The history of the American lawn’s rise to preeminence in our landscapes is a fascinating one, especially considering the fact that two hundred years ago, there were almost no lawns in American gardens. While our forbearers did enjoy extremely ornate and elaborate landscapes, they were almost entirely without what we would nowadays call a lawn. Why? Because mown grass was expensive and difficult to maintain. To get the flat, green look we so prize today, two centuries ago you either needed a small flock of sheep and someone to tend them (and to their compost contributions to the lawn surface) or a full-time gardener with a scythe. Closely scything a lawn, I can assure you from personal experience (having foolishly attempted it once, almost cutting off my leg in the process), is an extremely difficult and time-consuming affair. Thus, only the richest of the rich had lawns, and then, only tiny areas of close-cropped grass suitable for outdoor games like boules (a form of bowling), which were then all the rage.

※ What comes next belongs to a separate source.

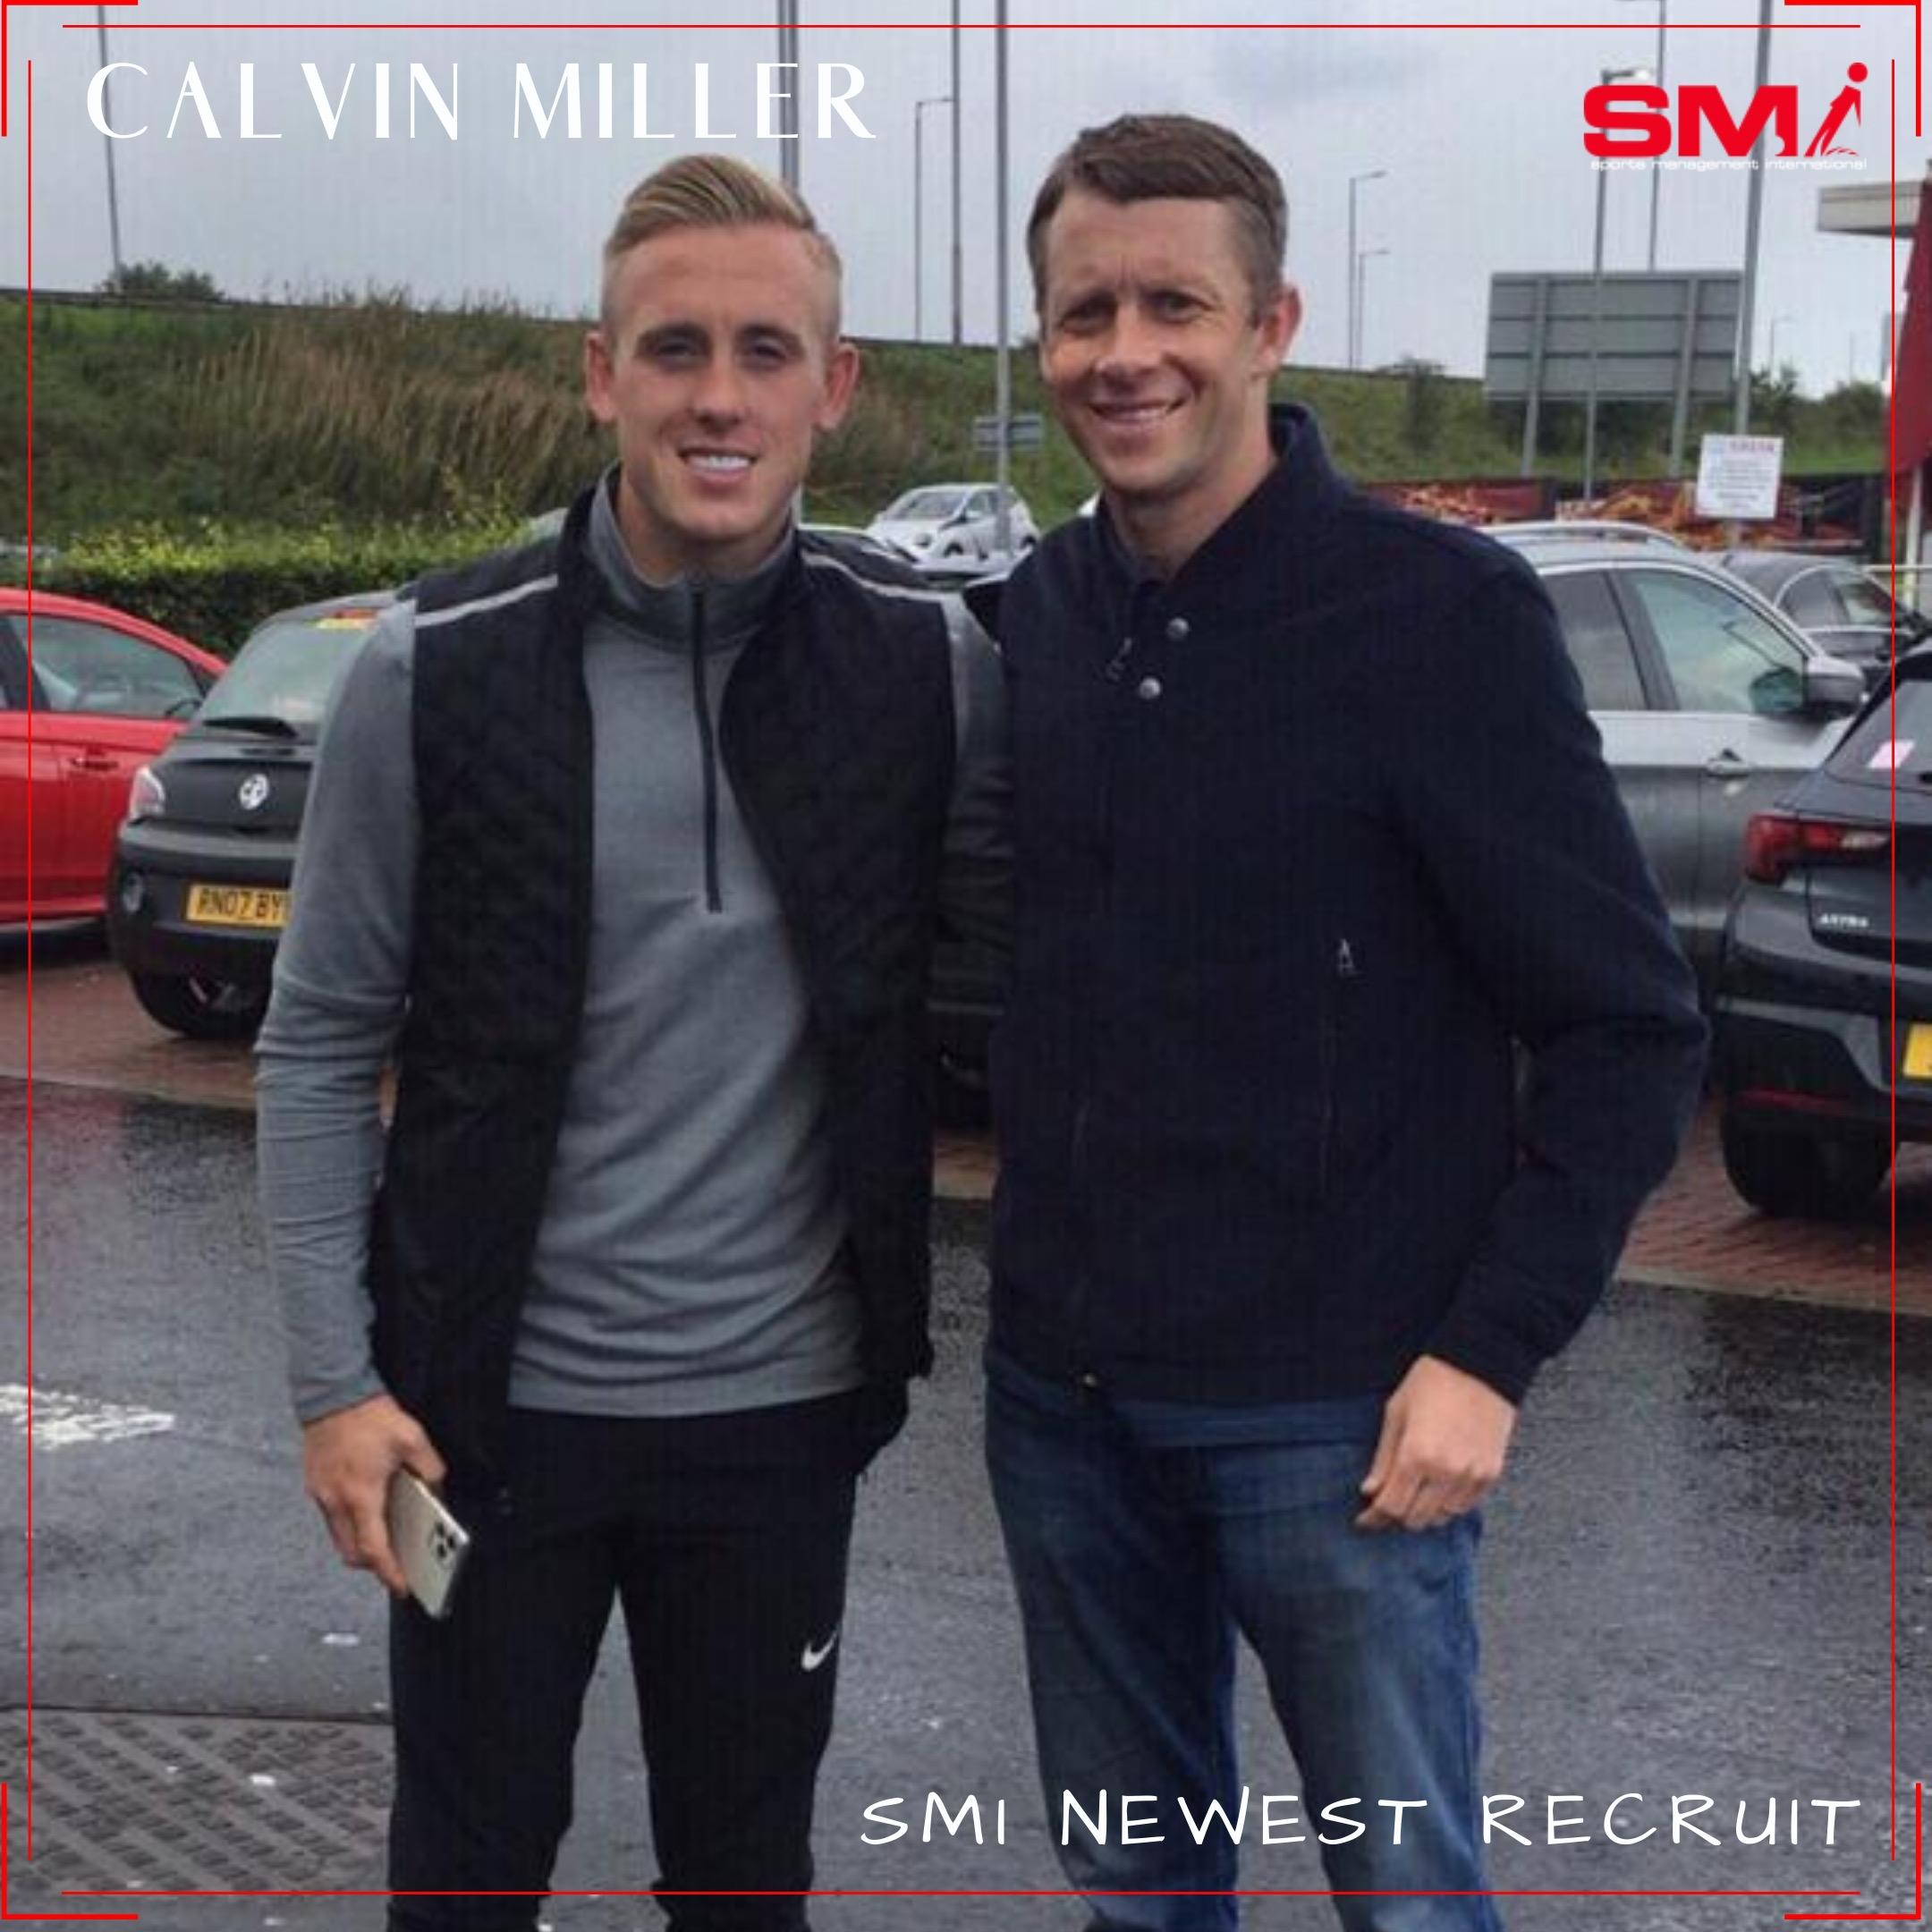 SMI Newest recruit Calvin Miller

This grassless landscape changed forever in 1830, when two enterprising (or fiendish, depending on your opinion of mowing grass) British gentlemen by the names of Edwin Budding and James Ferrabee came into the picture. Having seen the large-bladed machines used in mills to remove excess nap from woolen cloth, they decided that the same process could be adapted for cutting grass. Their invention instantly removed the main impediment to having a lawn—the lack of an easy, cost-efficient means of mowing it. Suddenly, everyone from maid to minister could have their own perfect green carpet with minimal labor, and lawns sprang up everywhere as the ultimate status symbol in the Victorian garden. Strangely enough, this sine qua non has remained the case ever since, despite the fact that any status associated with having a large lawn has long since disappeared. For better or for worse, the modern lawn has become an intractable part of the American landscape, and I doubt that anything short of a second American revolution would remove “a good lawn” from the wish list of most gardeners.
Since lawns do indeed seem to have become a permanent feature in our gardens, at least we should do what we can to enhance them, especially when there are a number of ways we can make a considerable improvement to our grass without making a commensurate dent in our pocketbooks.
1) Assess the Amount of Lawn You Now Have vs. How Much You REALLY Need. Take a look around your property. Unless you are hosting team soccer games or otherwise need extremely large play areas, if any one section of your yard (such as front, back, or side) consists of 60% or more grass, consider relandscaping to convert the lawn areas to other types of plantings. Let’s face it. Lawns, especially good lawns, require a lot of work, and today’s busy gardener needs to make every moment count. Huge expanses of grass are not only dull, but also time-consuming to maintain and, in many hot, dry areas of the country where water is an issue, environmentally unsound. Why not convert some of these areas to alternative ground covers, shelter plantings, or ornamental landscaping? In very large yards (of several acres or more), letting the grass revert to natural or woodland areas may be the way to go. Here in my garden over the last few years we have eliminated almost two acres of lawn along the property borders, allowing meadows to grow up in its place, which only has to be mown once a year. Not only are these naturalized areas far less work to maintain, but the return of many native species of birds, animals and butterflies has been a tremendous side benefit. Plus, not having to tend these marginal sections has allowed me to concentrate my time and resources on the remaining lawn, with the result that I now have far better grass in the areas where it counts most.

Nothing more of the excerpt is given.